Online supplemental material.
Fig. S1 shows the differential pattern of cytokine production by pDCs and mDCs in response to self-RNA–LL37 complexes. Fig. S2 shows that self-RNA isolated from different cell lines or from tissues of different chronic inflammatory skin diseases induces comparable levels of IFN-α production in pDCs when combined with LL37. Fig. S3 shows characteristic microscopic morphology of self-RNA–LL37 complexes. Fig. S4 shows the quantitation of self-RNA–LL37 and self-DNA–LL37 complexes in supernatants of dying cells. Fig.

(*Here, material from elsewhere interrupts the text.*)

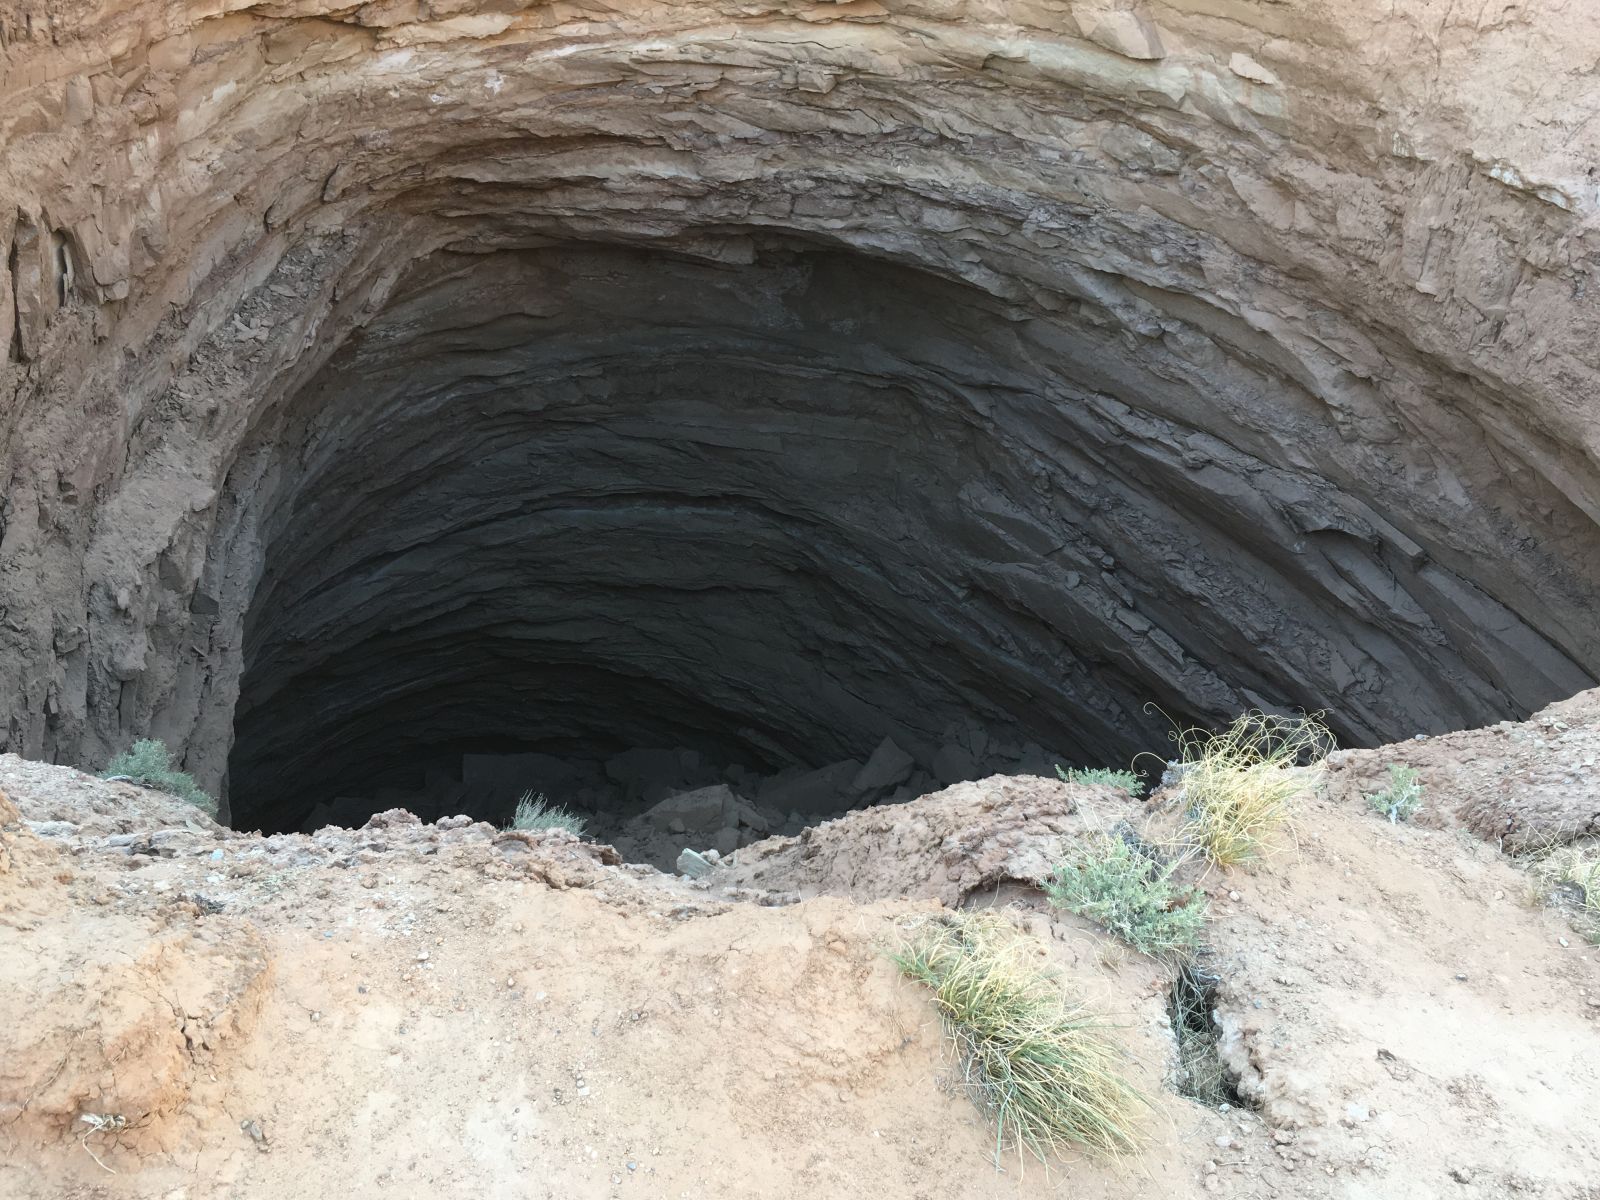 The Great Pit of Carkoon, waiting for the Almighty Sarlacc to appear. (Maybe it’s just the Gypsum Sinkhole.)

S5 shows that pDCs and mDCs respond to RNA sequences that are bona fide TLR7 and TLR8 ligands when complexed with LL37 but not when given alone. Fig. S6 shows that self-RNA–LL37 complexes trigger the maturation and secretion of TNF-α and IL-6 by circulating CD1c+ blood DCs. Fig. S7 shows DNA–LL37 complexes in psoriatic skin.
We thank Kenneth Dunner for scanning electron microscopy at the HREM Facility, M.D. Anderson Cancer Center, and Yi-Hong Wang and Pamela Grant for preparation of cryosections and immunohistochemistry at the Histology core facility, M.D. Anderson. We also thank Yong-Jun Liu and Vassili Soumelis for critical reading of the manuscript and Roland L. Bassett for help with statistical analysis.

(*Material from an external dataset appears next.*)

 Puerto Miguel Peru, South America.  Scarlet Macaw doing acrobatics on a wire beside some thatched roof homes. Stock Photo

This work was supported by grants from the DANA Foundation and the National Institutes of Health to M. Gilliet, and grants from the Deutsche Forschungsgemeinschaft to B. Homey and to S. Meller.
The authors have no conflicting financial interests in this work.
Abbreviations used: AMP, antimicrobial peptide; FRET, fluorescence resonance energy transfer; mDC, myeloid dendritic cell; pDC, plasmacytoid dendritic cell; TLR, Toll-like receptor.